Here are 3 THINGS YOU CAN DO RIGHT NOW that will make you stand out as a job candidate and help you find a job as soon as you graduate:
1. Do more networking
I know, it sounds cliche, but it IS that important and it is NOT as hard as you think.
Many people picture networking as approaching strangers in a networking event and subtly (or not so subtly) hinting to them that they want a job.
Two words: wrong approach!
The truth is, any time you are interacting with other people, you’re networking. It's not that you should never mention that you are job searching, you should. But there's a difference between expressing your current situation and walking up to people to ask if they have a position in their company.
Instead of focusing on finding out if someone has a job for you, focus on what you can offer. Try having genuine conversations with people and be willing to share your knowledge. You will get to know the interesting things other people do and often discover ways in which you can help each other. In exchange, you may hear about a job opening that is not publicly posted or learn details about the needs of a company you want to work for.
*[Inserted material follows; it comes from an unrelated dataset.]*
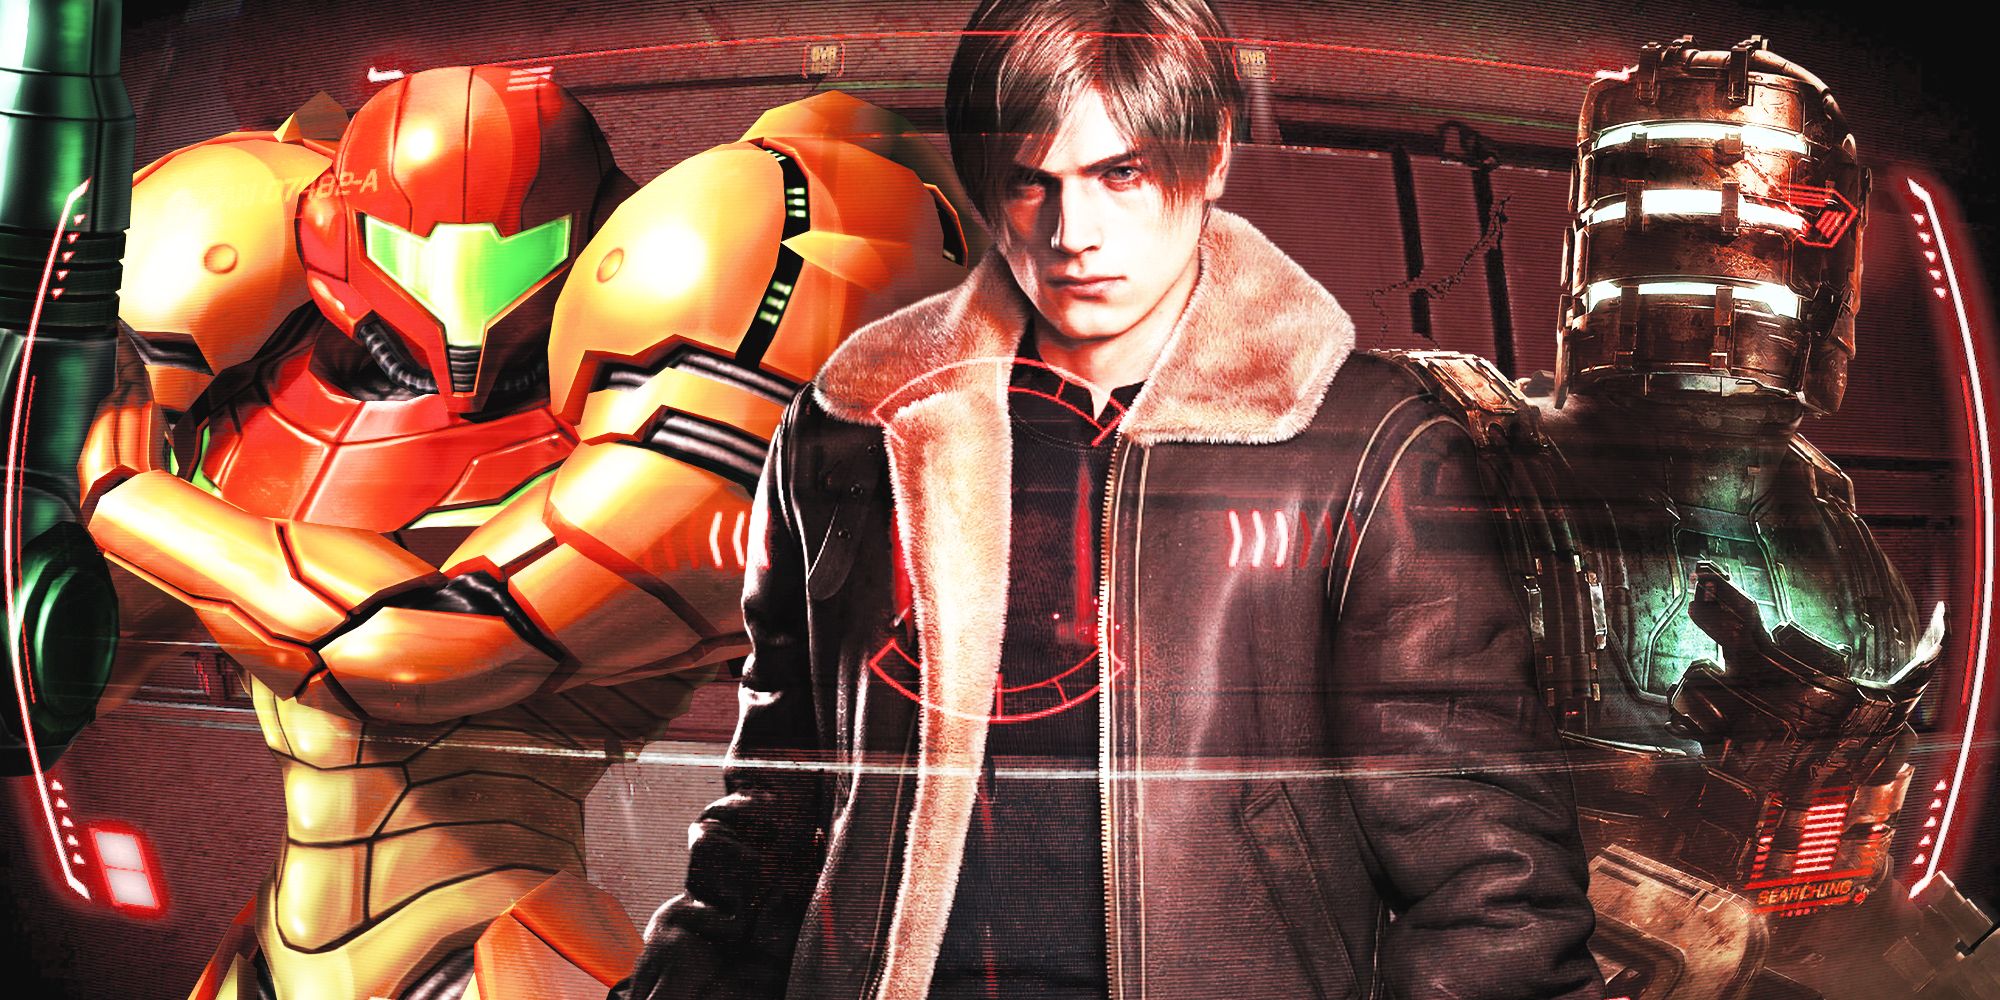 Some of 2023's remake protagonists, featuring Metroid Prime's Samus Aran, Resident Evil 4's Leon S. Kennedy. and Dead Space's Isaac Clarke

Maybe you will make a new friend.
That's good networking, and you can practice it as a skill.
Make it a goal to attend an activity once a month where you can meet new people. If it’s a career oriented event, great, but don’t limit yourself. Doing this regularly will not only help you improve your conversation skills but will also expand your network. In the future, the people you know (AKA, your network) will allow you to connect to people and places you’re interested in that you may not have access to by yourself.
2. Have some volunteering or side job experience
There is a reason why hiring managers pay attention to these things. These experiences are the perfect opportunity to hone professional skills such as management, teamwork, and negotiation.
Any job where you had to communicate with a supervisor or work with other people towards a specific goal is a job that has trained you on these skills.
Challenge yourself to join a group or a project that sounds interesting to you. If it’s something related to your career, great. But even if it isn’t related to your career, do it anyway, particularly if it's something you enjoy.
Whatever you do, you will be learning something new and, as a bonus, you will be automatically expanding your network of peers and people that can give you good references.
2. Take a business course
In other words, use your time in university to learn additional skills. Why a business course in particular? Because improving your business acumen is useful to any job.
Topics such corporate communication, operations management and corporate marketing can provide great insights into the problems that are common to most organizations.
Audit a business course, or take it online, or read a book about it. This knowledge will give you an edge over candidates who don't have this knowledge because you will understand the needs of your employer and how you can help them solve them. And if it turns out that you hate it, you just did yourself a favor by identifying the types of jobs you will NOT want to do.